Думаю, в моей жизни романтические моменты будут именно такие. Скорей бы выпускной.
Сегодня на ужин приходят Вейгмейкеры: они хотят познакомиться с Джоффом и поздравить счастливую – брррр! – пару.
Как раз перед их приходом мама предупреждает меня:
– Дорогая, прошу тебя следить за языком сегодня вечером. А потом проследи, проследила ли ты.
Мне нравится лаконичность ее замечания, но это не мешает мне на нее дуться.
Когда Вейгмейкеры и Шериданы собираются вместе, вечер пролетает словно во сне: повсюду звучат торжественные (а иногда и громкие) речи, и у Джеффри Стивена Брилла почти не остается времени разглагольствовать после того, как ему задают обычные при знакомстве вопросы. Он слишком тихо говорит и не умеет быстро переключаться с темы на тему, чтобы заполнять паузы между чужими словами, а еще – и меня это удивляет – ему недостает смелости, чтобы вклиниваться в чужую беседу, как делаем все мы (за исключением моих родителей).
Вместо этого он ни на секунду не отходит от Кейт, вяло улыбается царящему вокруг шуму и порой напоминает картонную фигуру самого себя.
Сегодня у нас вечер самообслуживания: мы заказали разной еды в китайском ресторане, стараясь угодить вкусам всех присутствующих и взять достаточно, чтобы заполнить бездонный желудок Стью. Когда подходит к концу треть вечера, мы втроем с ним и Софи уединяемся на кухне. Стоя рядом с буфетом, я требую от них ответа:
– Ну, и как он вам?
Стью пожимает плечами и накладывает себе в тарелку все, что видит на столе. Только букет остался цел.
– Ничего, такой милый, – говорит Софи. – И Кейт так в него влюблена. Это сразу заметно.
– Что?! – Я обращаюсь к Стью: – Ты это слышал?
– Ты же отдаешь себе отчет, что я в метре от тебя и глухотой не страдаю.
– Ты согласен?
– Я не могу судить о внешности другого парня, потому что это другой парень, – он снова пожимает плечами. – Но вообще все не так плохо, как я ожидал.
– Это потому, что он молчит почти весь вечер.
Тут Софи прерывает меня жизнерадостным «Привет!», и я понимаю, что за моей спиной кто-то только что вошел на кухню. Оказывается, что это Кейт и ее самоклеящийся жених.
– Слушайте, Джофф, – начинает Стью фальшиво веселым тоном. О, я знаю эти интонации. Знаю и страшусь их. – Джози говорит, вы знаете уйму всего.
Нет, только не это.
– Как мило с ее стороны, – говорит он, слегка кивая в мою сторону.
– А про птиц что-нибудь знаете? – спрашивает Стью.
– Про птиц?
– Ага. В частности, про попугаев. Джози как раз рассказывала мне, как ее интересуют попугаи.
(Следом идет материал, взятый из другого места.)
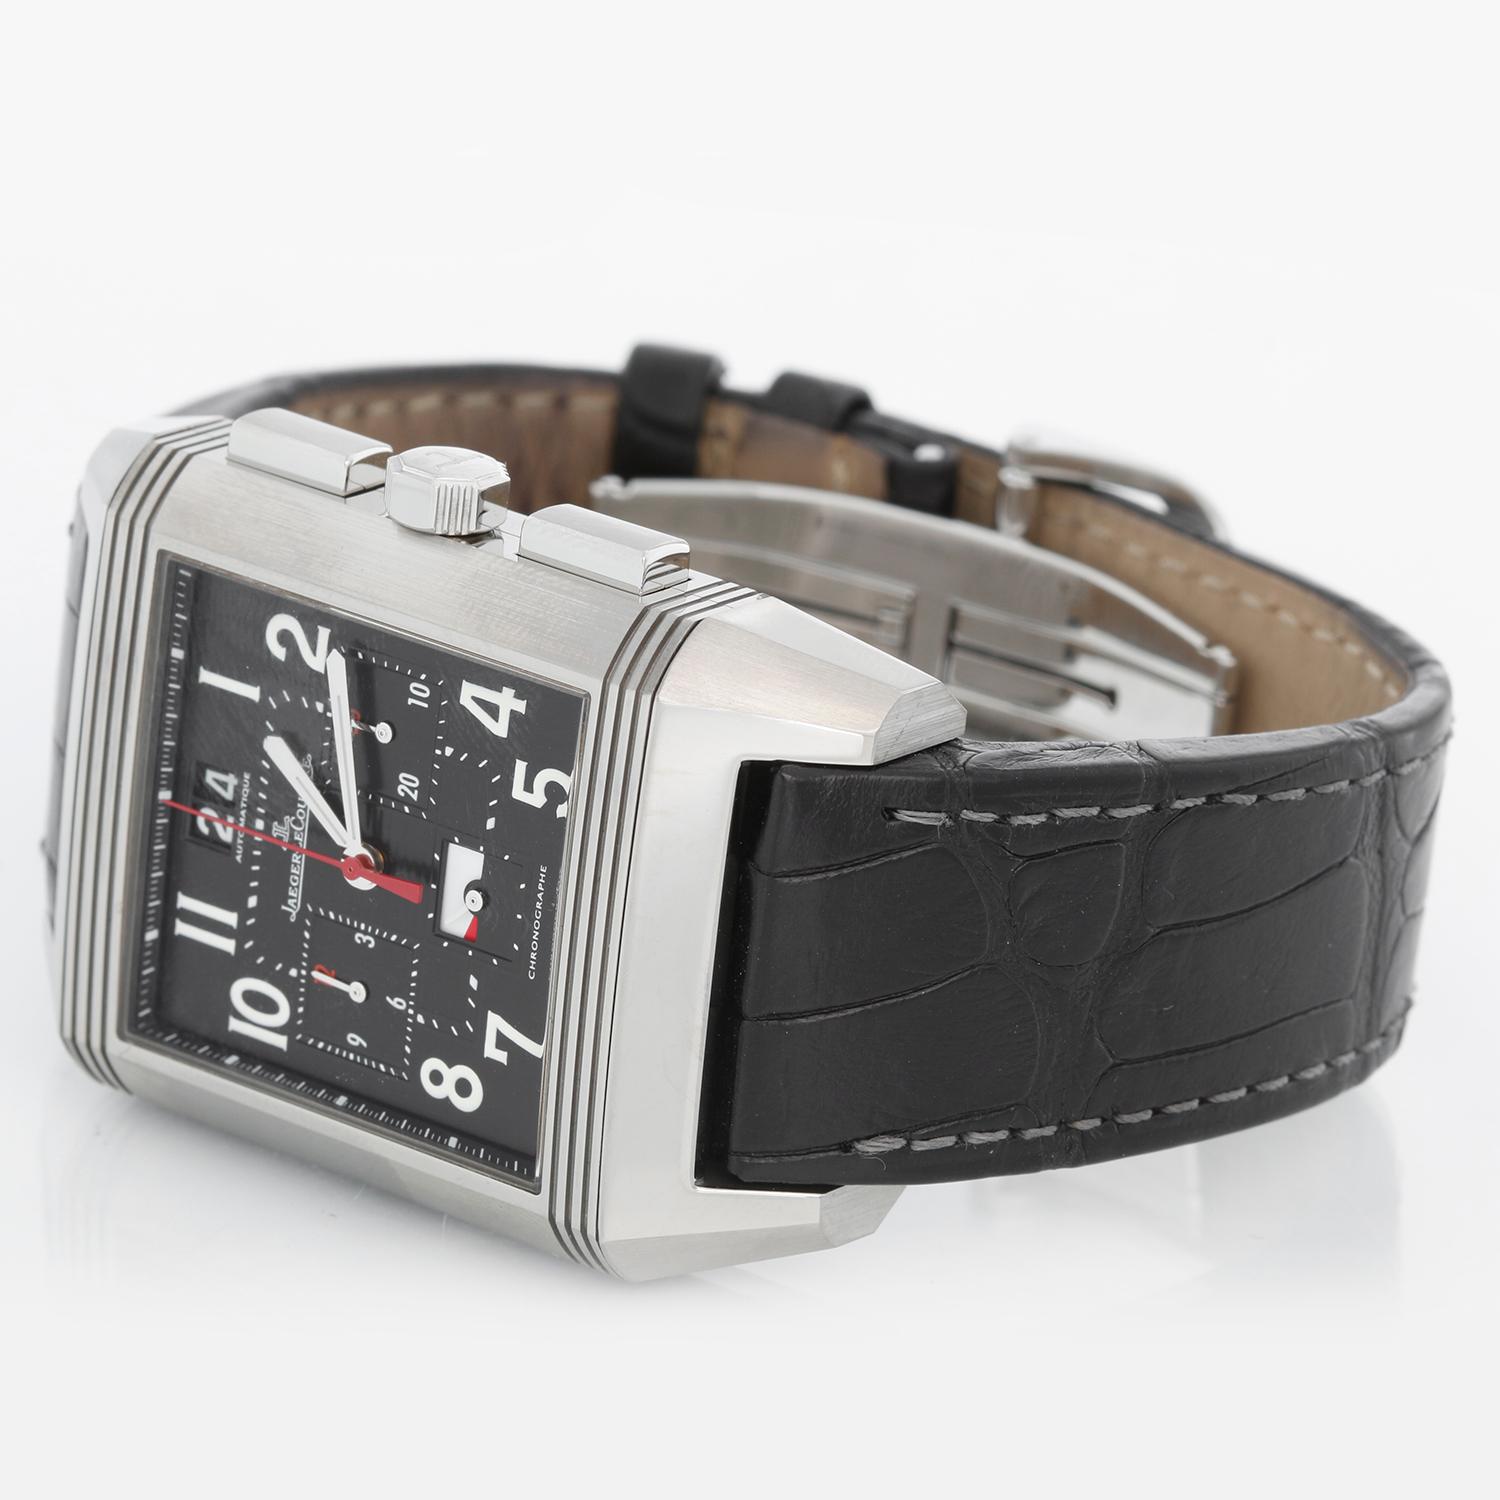 Jaeger-LeCoultre Reverso Squadra World Time Watch 231.T.50 - Automatic movement. Black ceramic on titanium ( 36 x 52 mm ) . Black dial with silver-toned hands and Arabic hour markers. Ceramic and titanium case with a black rubber strap and deployant

– Да, они и впрямь занятные, – подтверждает Джофф и смотрит на меня. – Но о них я знаю меньше, чем о скворцах, ну, вы знаете, говорящие скворцы… На самом деле скворцовых более двенадцати разновидностей, и сам скворец в них не входит. Официально не входит.
Джофф продолжает разглагольствовать, а Стью, запихав в рот пельмень со свининой и бросив мне коварную ухмылку, присоединяется к веселью в гостиной. Софи с моей сестрой воркуют над обручальным кольцом, а я слушаю про хохлатых майн. Мне так скучно, что я даже не уверена, не забываю ли моргать.
– Не планируй ничего на ближайшую субботу, – говорит мне Кейт в дверях, а Джофф, расплывшись в улыбке, все стоит позади нее и никак не может отлипнуть. Вейгмейкеры ушли минут двадцать назад, и мама едва успела схватить меня за локоть: я собиралась сбежать с ними.
– Я поведу тебя по магазинам, – продолжает Кейт. – Выберем тебе платье для выпускного. А потом решим, чем заняться вечером.
– Вдвоем, только ты и я?
– Только ты и я, – подтверждает она, смотрит через плечо на Джоффа и добавляет: – Ты же не против, да?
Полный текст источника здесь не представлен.